Having templates with a suffix explicitly present has always been
quirky. Introduce a 2nd matching pass in case the 1st one couldn't find
a suitable template _and_ didn't itself already need to trim off a
suffix to find a match at all. This requires error reporting adjustments
(albeit luckily fewer than I was afraid might be necessary), as errors
previously reported during matching now need deferring until after the
2nd pass (because, obviously, we must not emit any error if the 2nd pass
succeeds).

Note that with the dropped CMPSD and MOVSD Intel Syntax string insn
templates, mixed IsString/non-IsString template groups cannot occur
anymore.
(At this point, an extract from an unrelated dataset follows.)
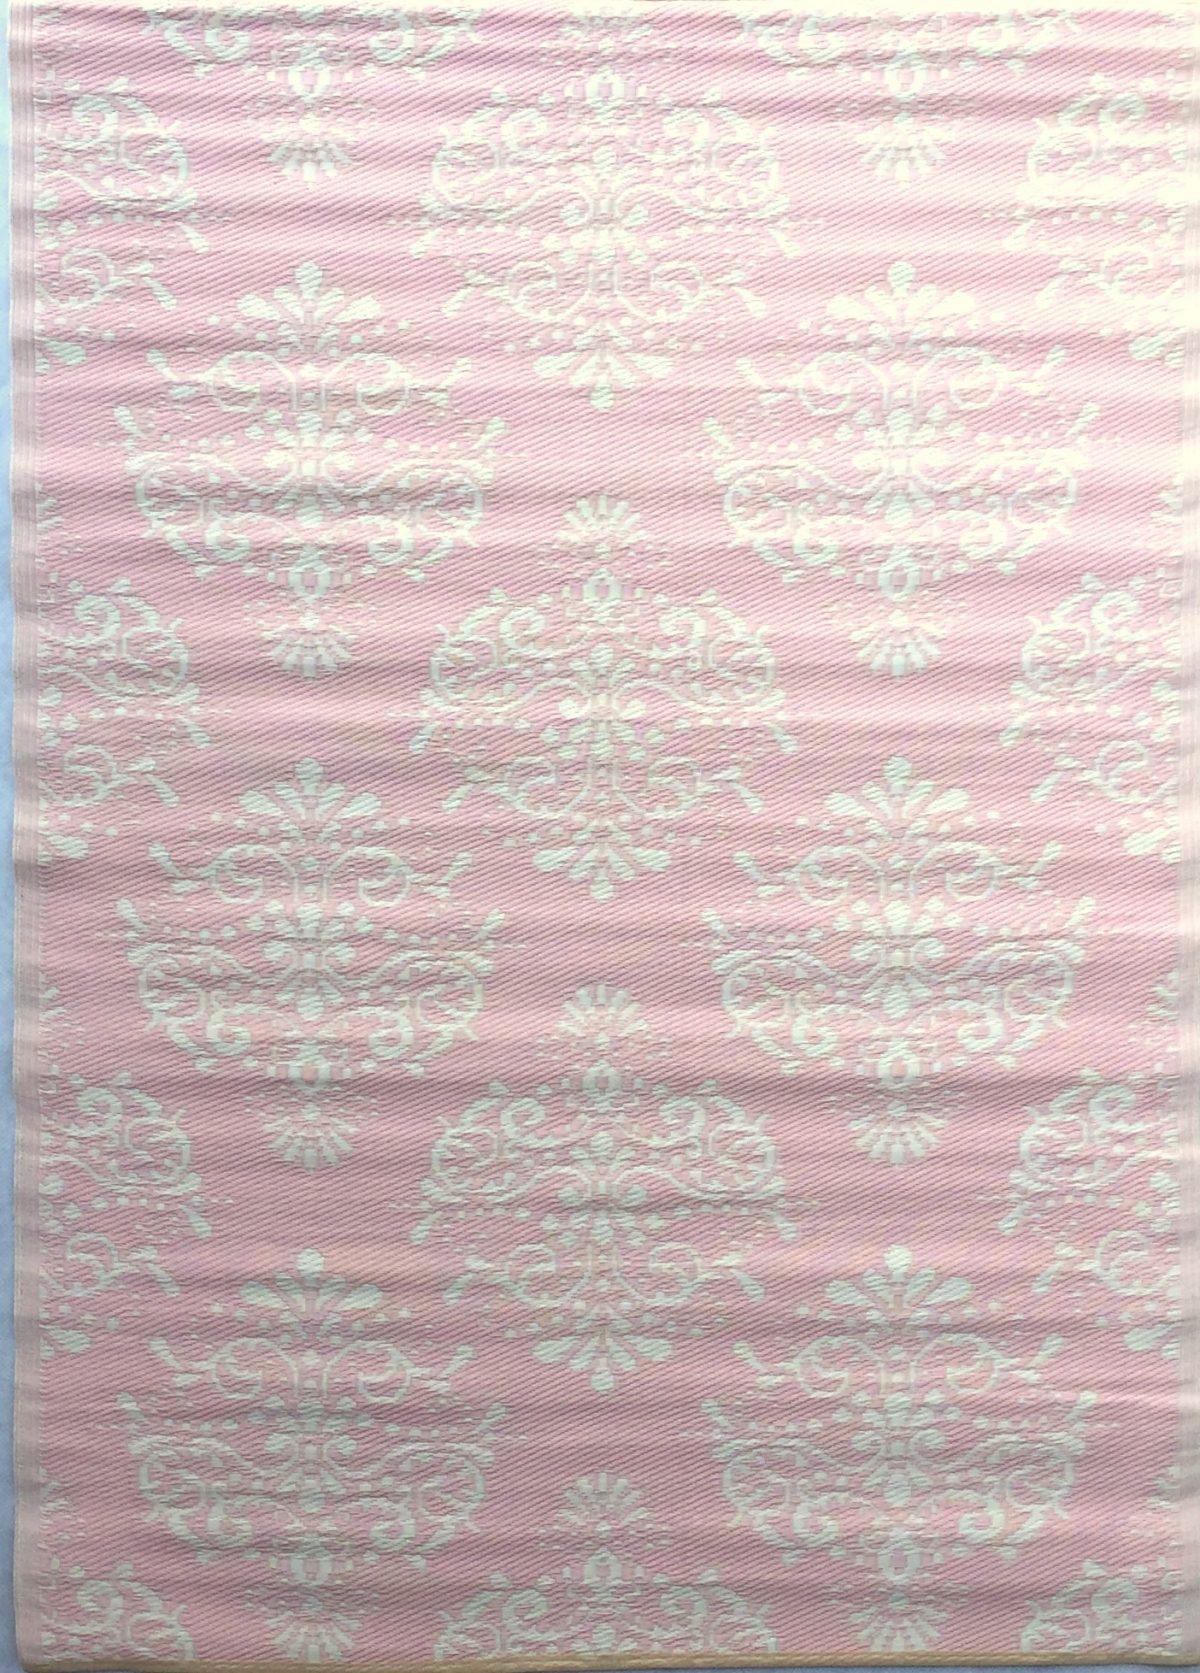 Plastic buitentapijt zambia roze 2
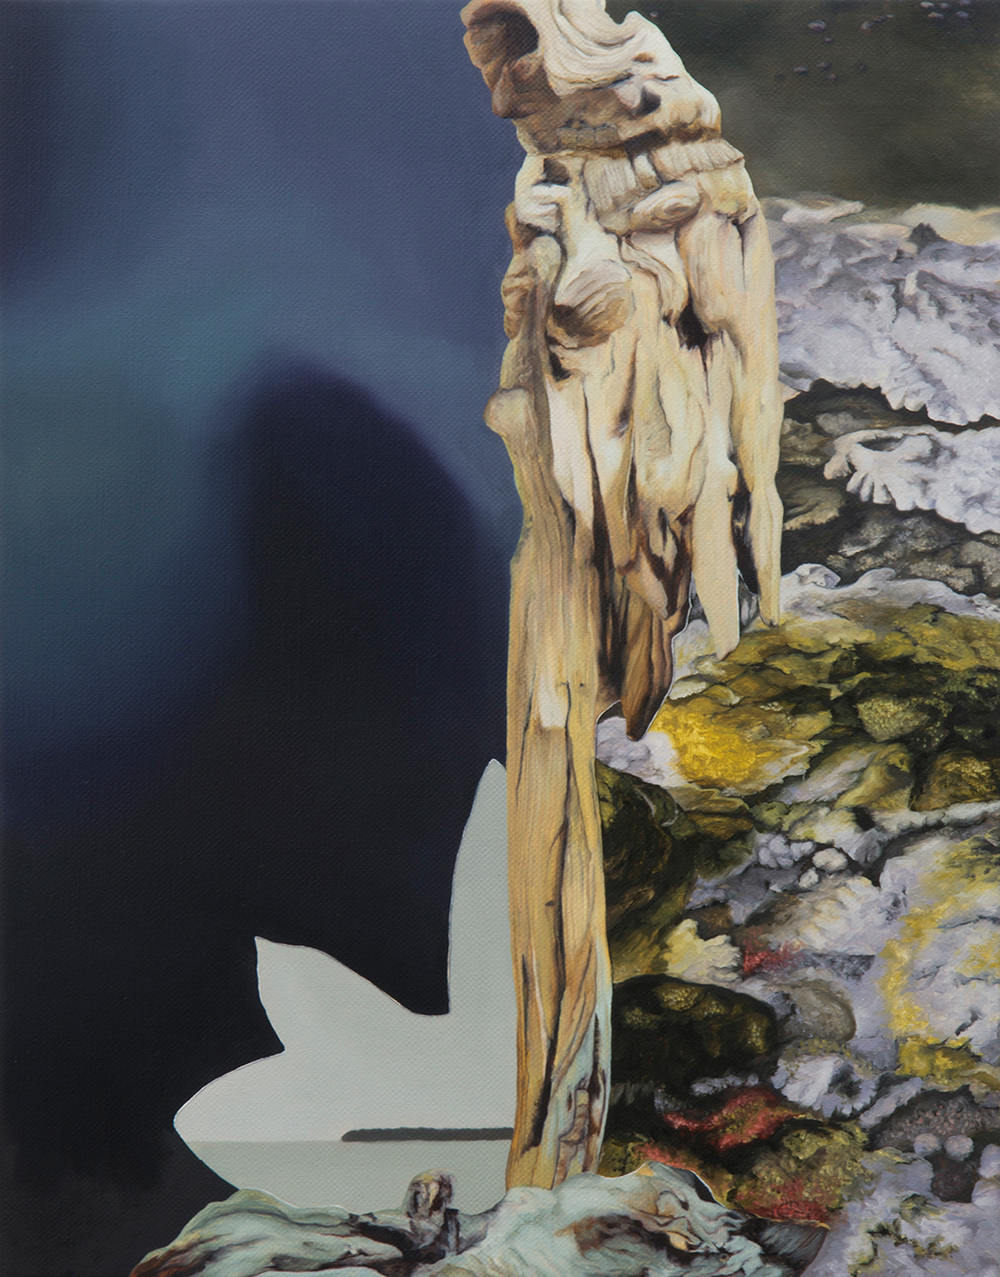 Celestial Driftwood Theme

With that maybe_adjust_templates() becomes unnecessary (and is
hence being removed).

Note further that while the additions to the intel16 testcase aren't
really proper Intel syntax, we've been permitting all of those except
for the MOVD variant. The test therefore is to avoid re-introducing such
an inconsistency.
---
To limit code churn I'm using "goto" for the retry loop, but I'd be
happy to make this a proper loop either right here or in a follow-on
change doing just the necessary re-indentation.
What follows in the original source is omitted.